> **TASK GOAL**
Will you output all of the data below exactly, omitting the images?

Top of DATA BELOW

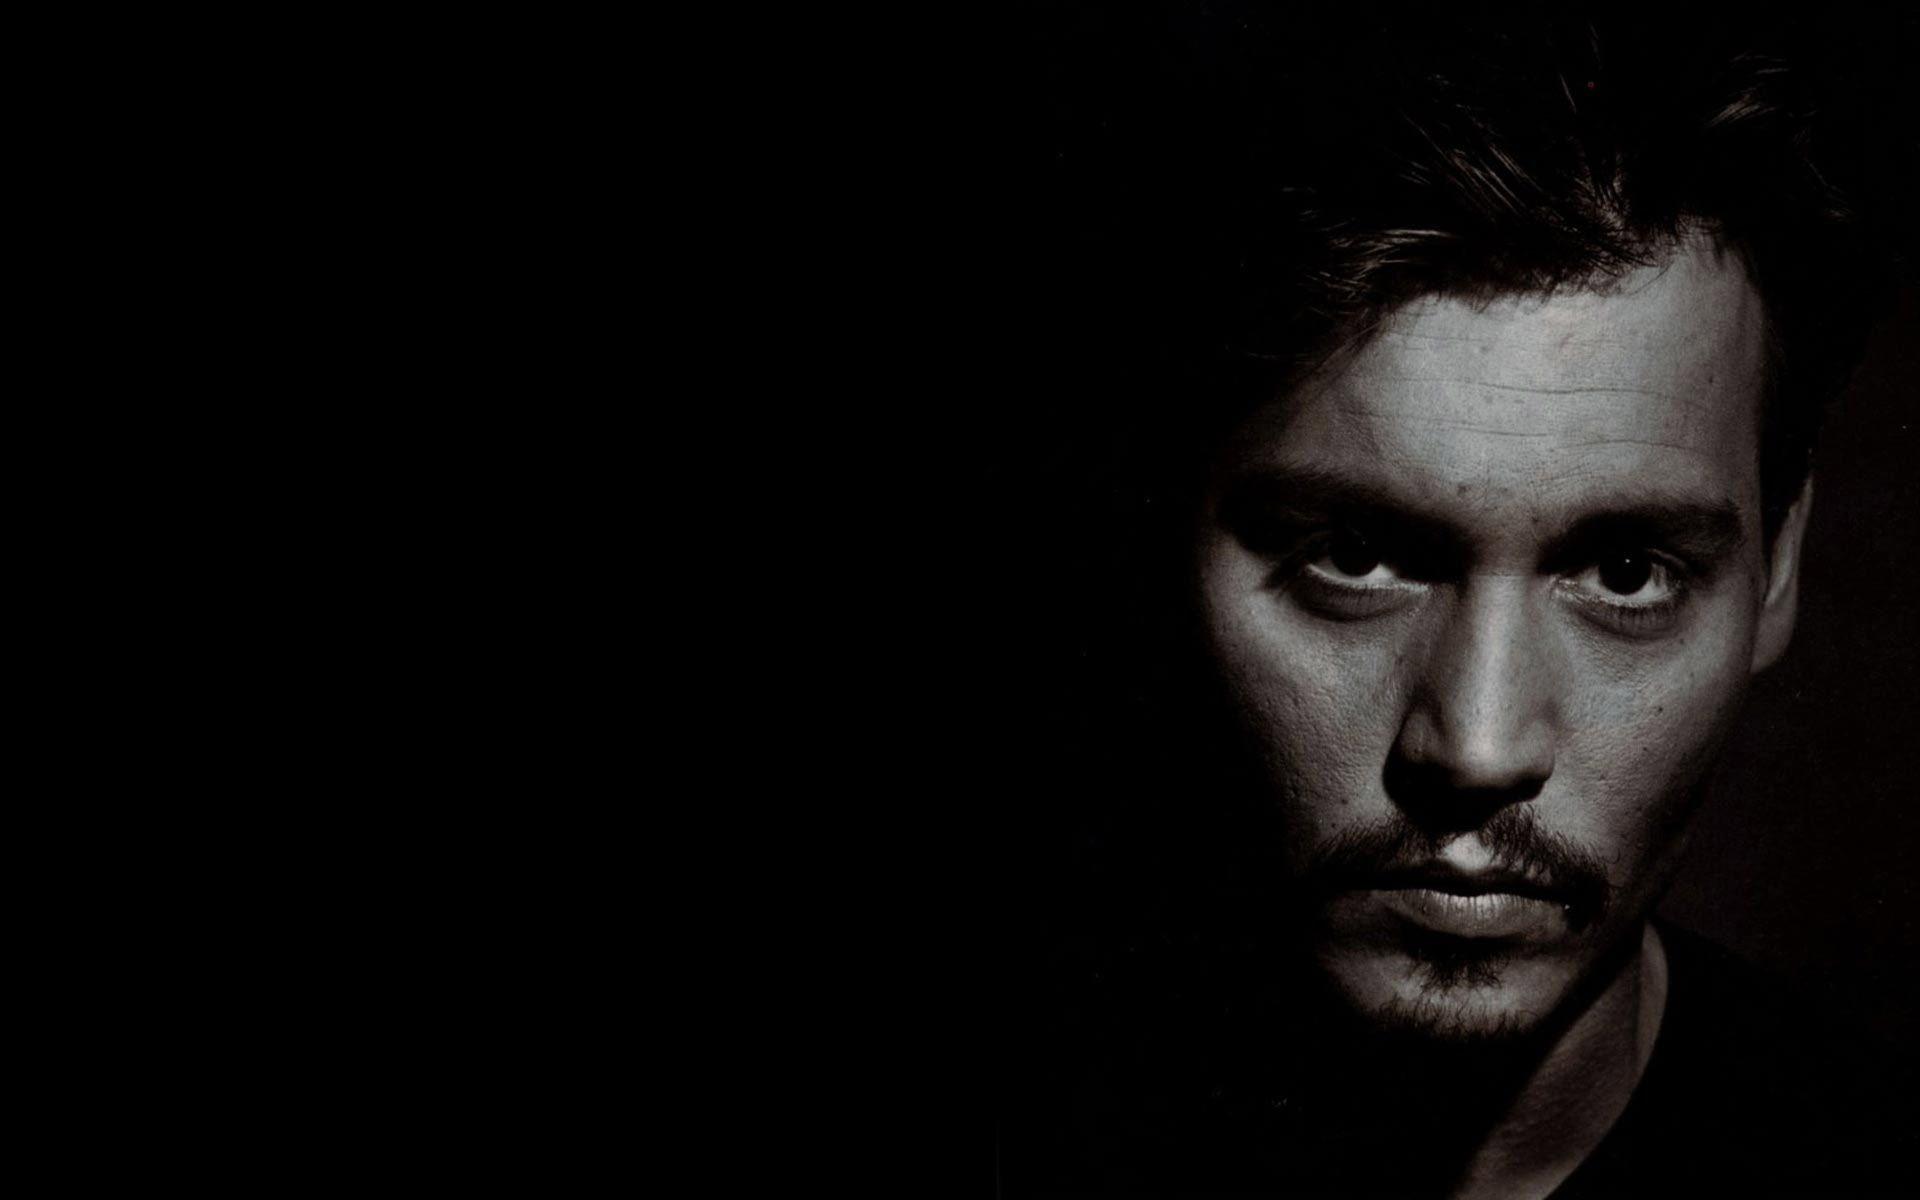 Johnny Depp Wallpapers Hd Rainbow Wallpapers Johnny Depp Johnny Depp Biography Johnny Depp Wallpaper
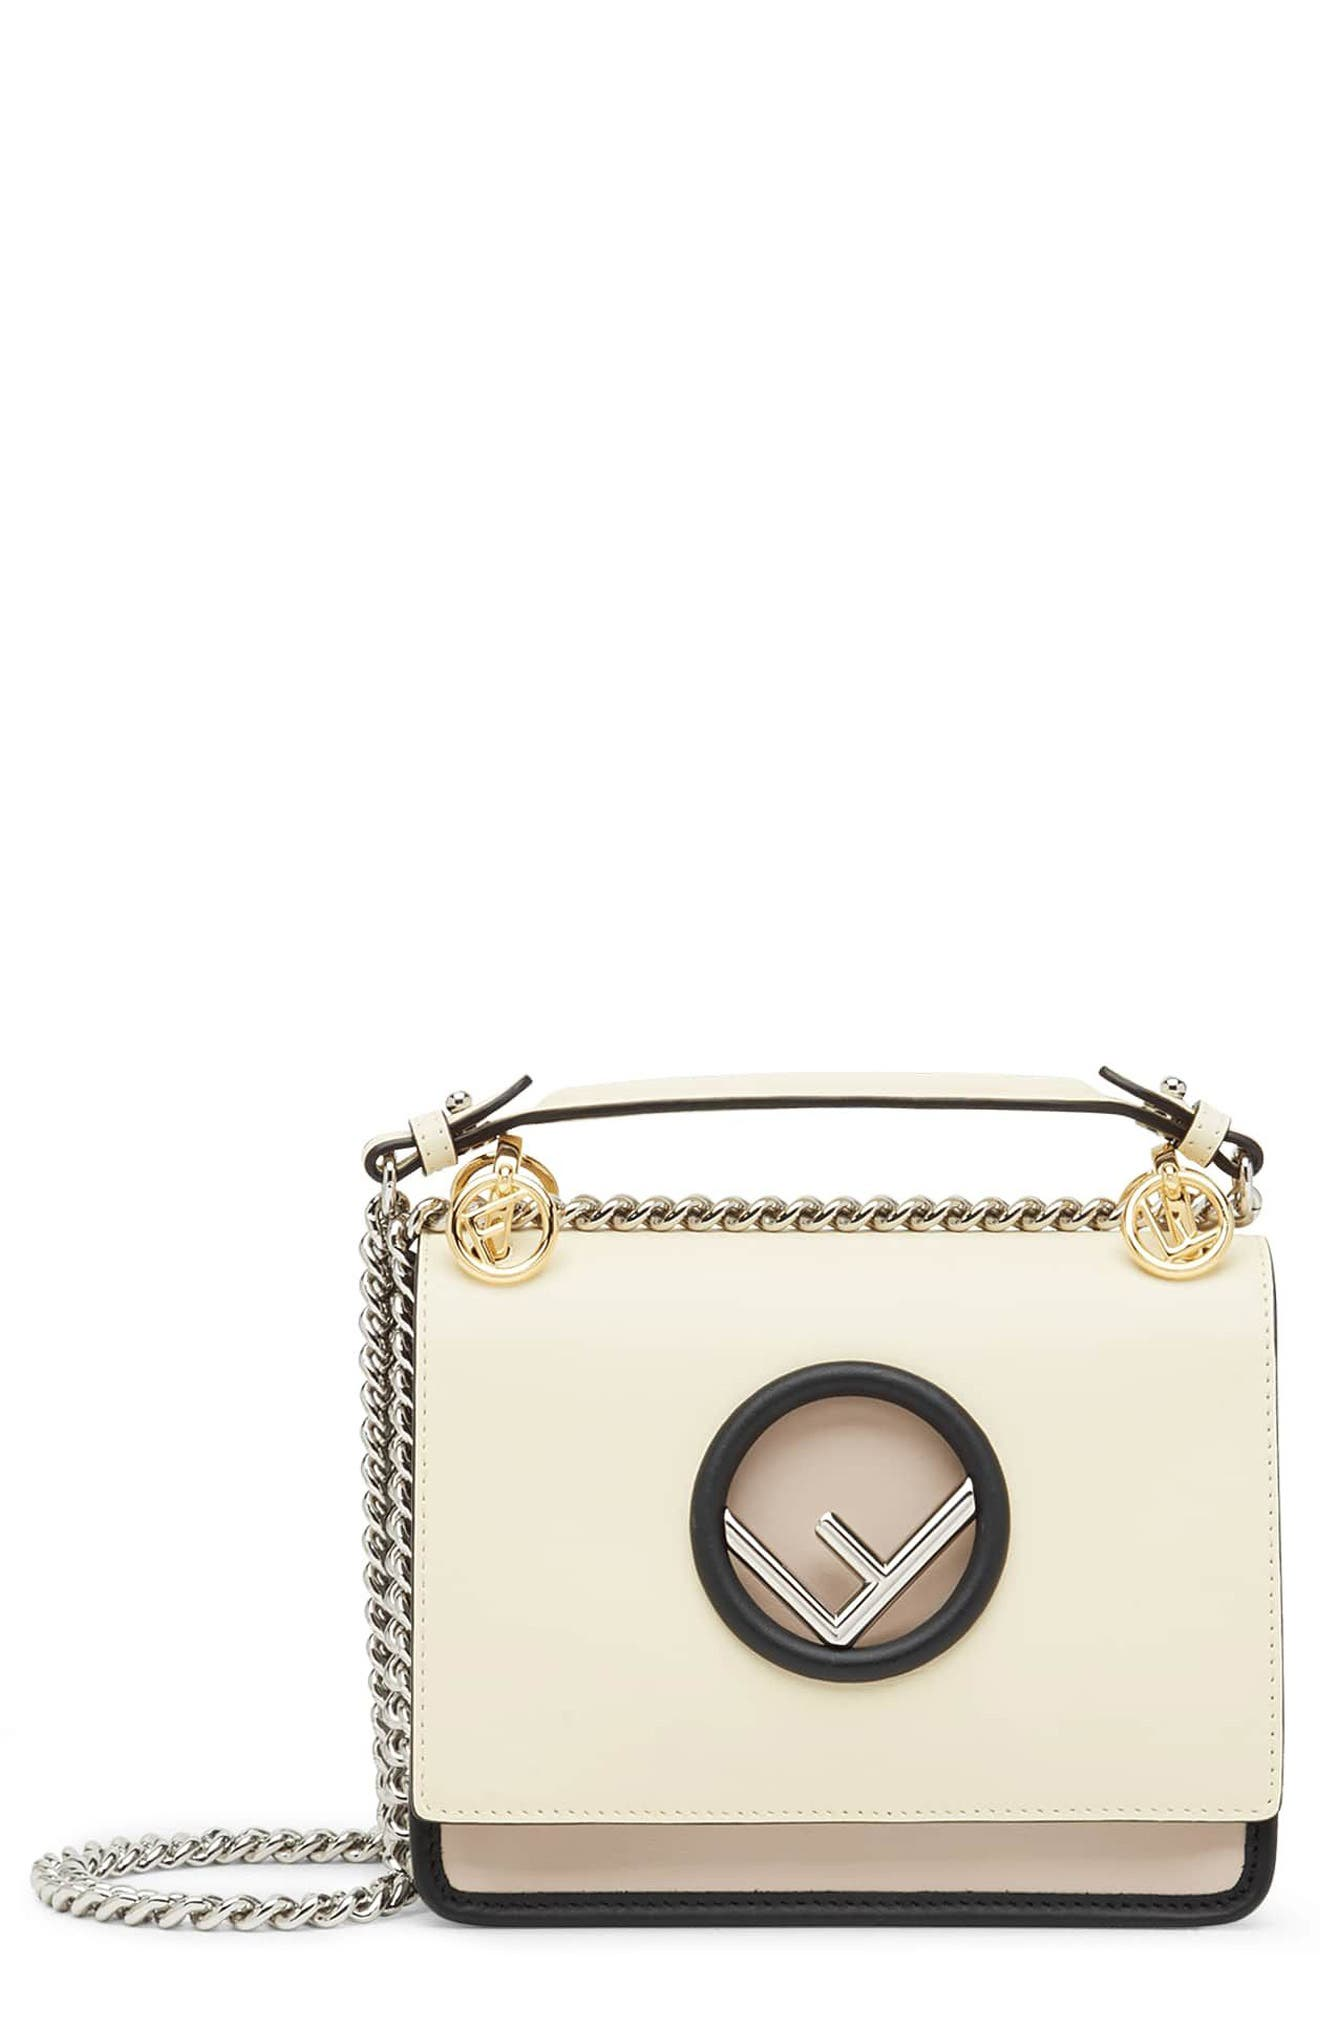 Mini Kan I Colorblock Leather Shoulder Bag,                         Main,                         color, 650
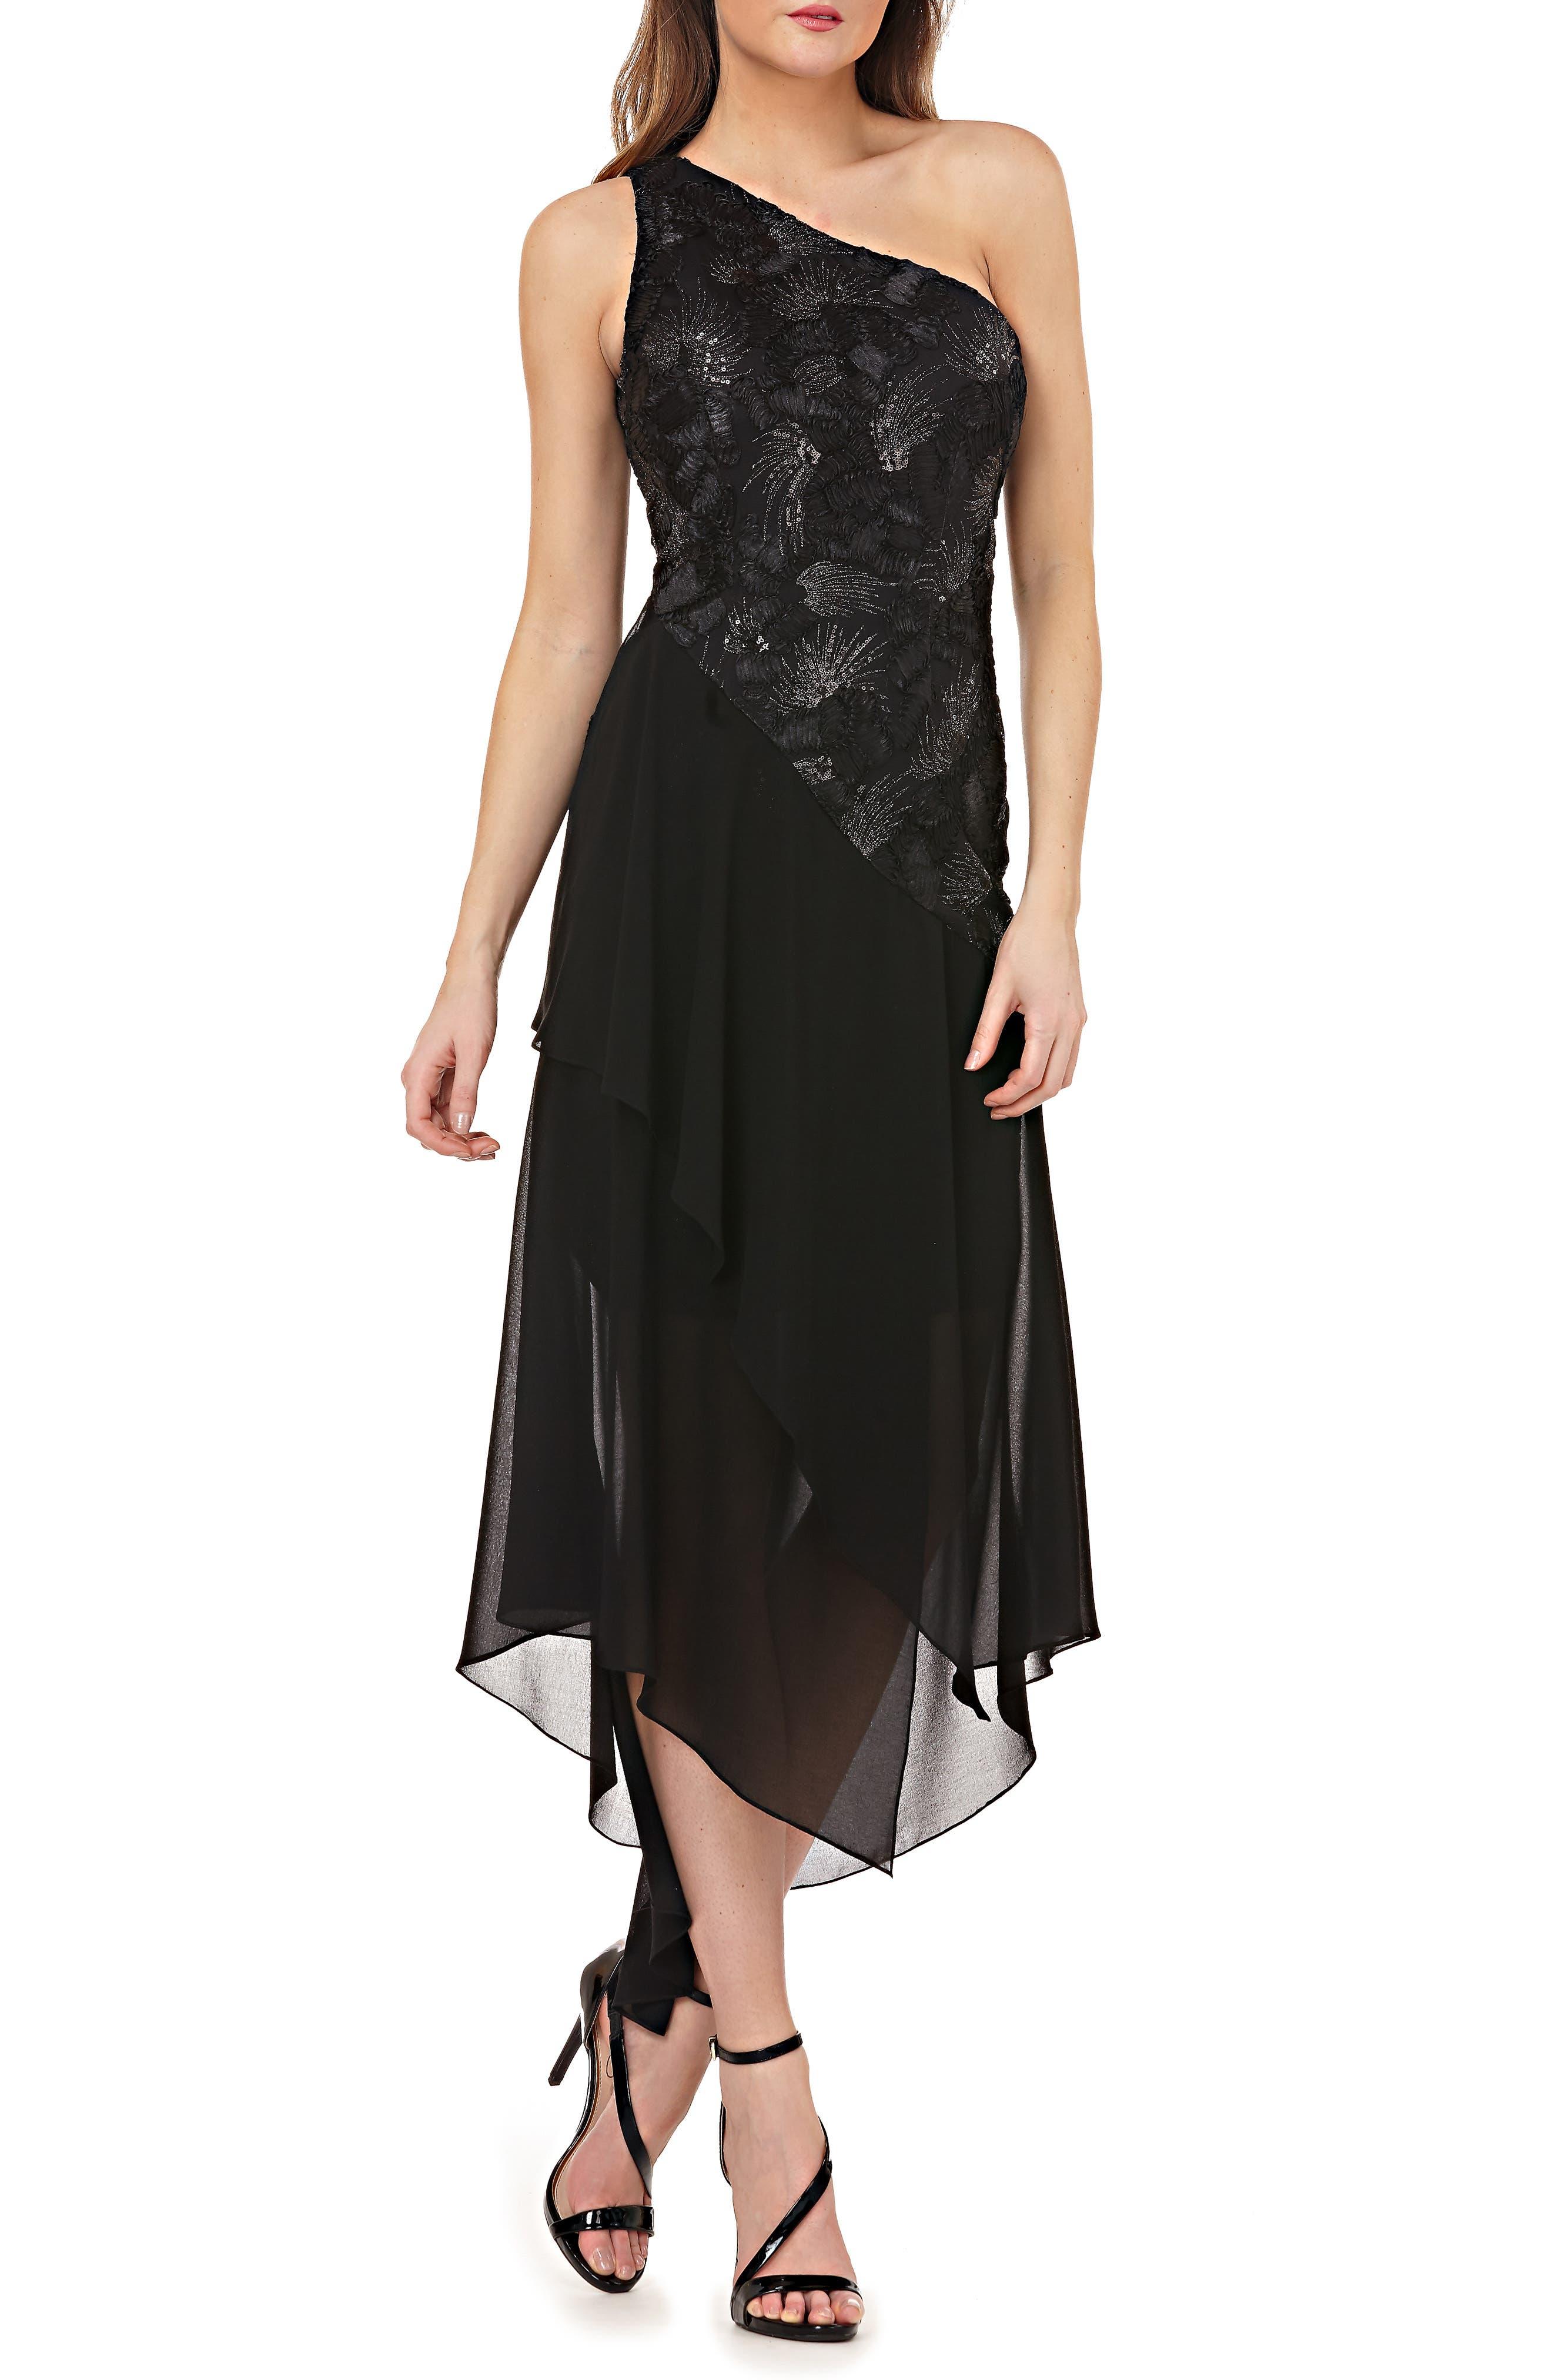 Carmen Marc Valvo Infusion Sequin & Chiffon One-Shoulder Dress, Black

Bottom of DATA BELOW

> **TASK RESPONSE**
 Johnny Depp Wallpapers Hd Rainbow Wallpapers Johnny Depp Johnny Depp Biography Johnny Depp Wallpaper
 Mini Kan I Colorblock Leather Shoulder Bag,                         Main,                         color, 650
 Carmen Marc Valvo Infusion Sequin & Chiffon One-Shoulder Dress, Black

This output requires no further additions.